Now, the tournament lasts weeks instead of months, but players must still withstand its immense pressures, each one developing “something habitual in how they compose themselves,” says Danny Rensch, the chief chess officer of Chess.com.

“Some of them have the habit of getting up and not actually spending a lot of time sitting at the board when it’s not their turn … to keep their blood flowing. Some of them do this just because that’s how they deal with the stress and nerves,” Rensch tells CNN Sport, adding that others sit at the board locked in the same position.

Vishy has won five world championship titles. - Dipayan Bose/SOPA Images/LightRocket/Getty Images
Vishy has won five world championship titles. - Dipayan Bose/SOPA Images/LightRocket/Getty Images

Chess is a game that takes place almost entirely within a player’s mind, their calculations and machinations visible only to a skilled viewer predicting the next move. Several questions are running through a chess player’s head when an opponent makes a move, says Pein, rattling them off.

“The first thing you do when your opponent makes a move is you say to yourself, ‘Why did they make that move? What’s changed on the board? Is there a threat? And is there a threat to my position from this move directly? And who do I think stands better, and why …. How long do I want to think about my reply? And then also, am I playing for a win? Am I trying to save this position, or is there no way to avoid a draw?’”

These games and calculations can go on for hours at a time; in 2021, Carlsen took seven hours and 47 minutes to defeat Nepomniachtchi in one game on his way to his fifth world title.

So in between games, sleep is “the most important thing,” says Vishy, though it has to be a deep sleep where “you’re not thinking about the game, you’re actually resting.

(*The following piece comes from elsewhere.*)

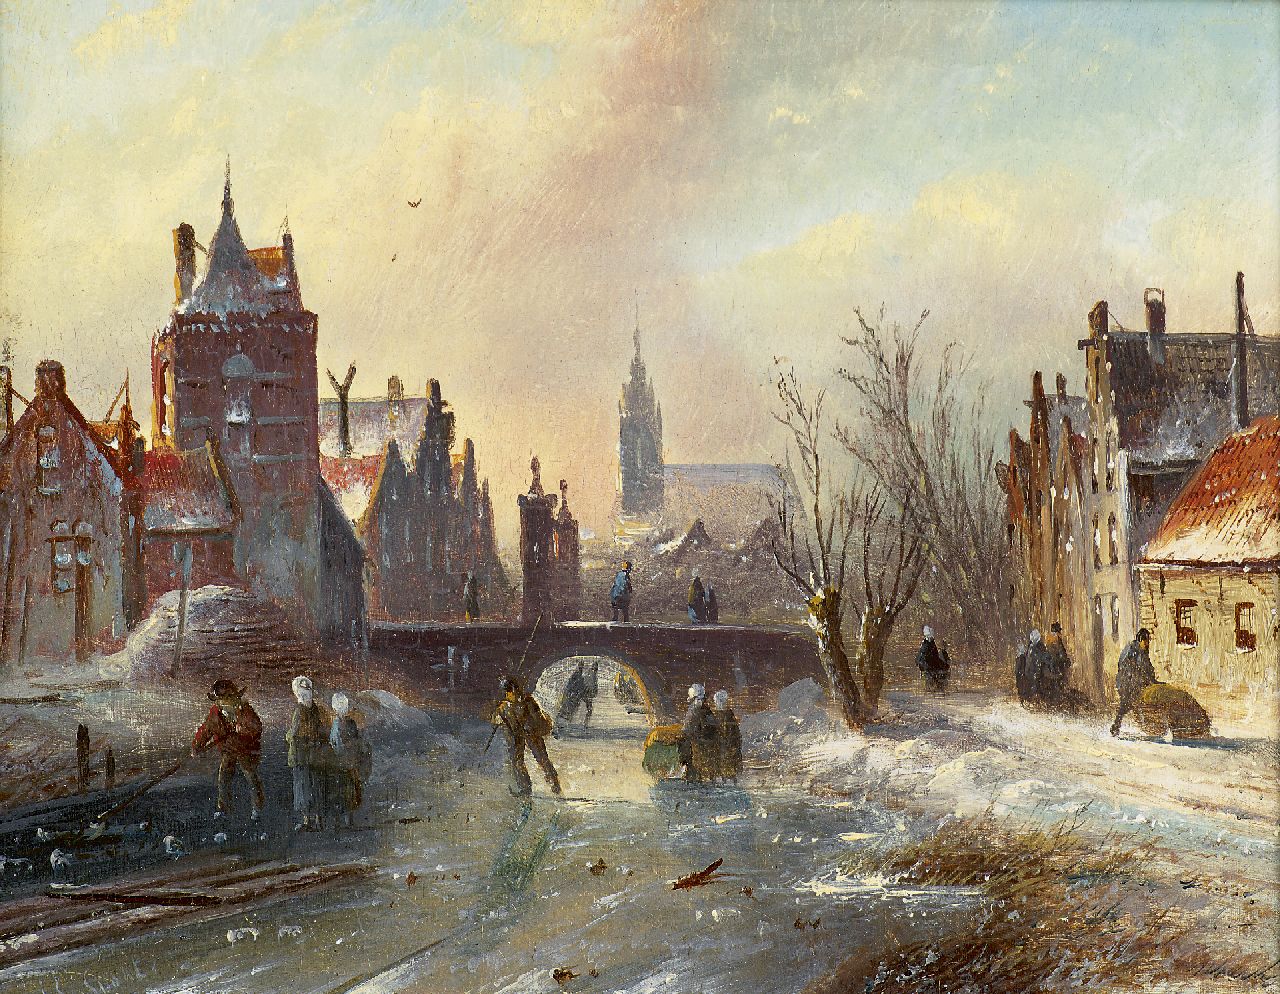 Spohler J.J.C.  | Jacob Jan Coenraad Spohler, Skaters on a canal in winter, oil on panel 16.0 x 21.0 cm, signed l.r.

“There’s no point tossing and turning … because you either can’t get the previous game out of your head or you’re worried about the next one … I used to go the gym very often right before sleep, so I was exhausted enough to fall asleep.”

Gukesh D is competing in his first world championship. - Dipayan Bose/SOPA Images/LightRocket/Getty Images
Gukesh D is competing in his first world championship. - Dipayan Bose/SOPA Images/LightRocket/Getty Images

Although the players are barely moving compared to other sports, the huge amounts of brainpower required mean that they must maintain their physical as well as mental fitness.

When Vishy was training in the months before his world championship matches, he would run or cycle for an hour each morning to build up his endurance before turning to chess for six or seven hours a day, working out his opening moves, trying to predict his opponent’s intentions and weaknesses alongside trainers who had previously played in world championships. In more recent years, computers help competitors to prepare, assisting them in analyzing the best move in any given scenario.

“They’re not training for a physical activity,” Rensch says. “They’re training to make sure that they’re in great shape, overall physical fitness, allowing for proper blood flow, and all the things that can help a human being maintain a super high level of concentration for hours at a time.”

Even just qualifying for the match is an epic endeavor. For the right to take on the defending champion, the challenger must first win the Candidates Tournament comprised of the best players in the world, all of whom are there based on their performances at specific tournaments throughout the year.

Before Vishy competed in his first world championship in 1995 against Garry Kasparov, he “had been playing to qualify for the event for five years, so there was a long journey already,” he says.

Qualifying is so difficult that one appearance at a world championship might be all that a chess player can hope for. This shot might be their only one, which in turn adds to the stakes.

“Of all the people who lost a world championship match, it took them a while to recover before they even started playing well again or at their previous level,” Pein says. “It’s such a blow … So it affects people quite badly.”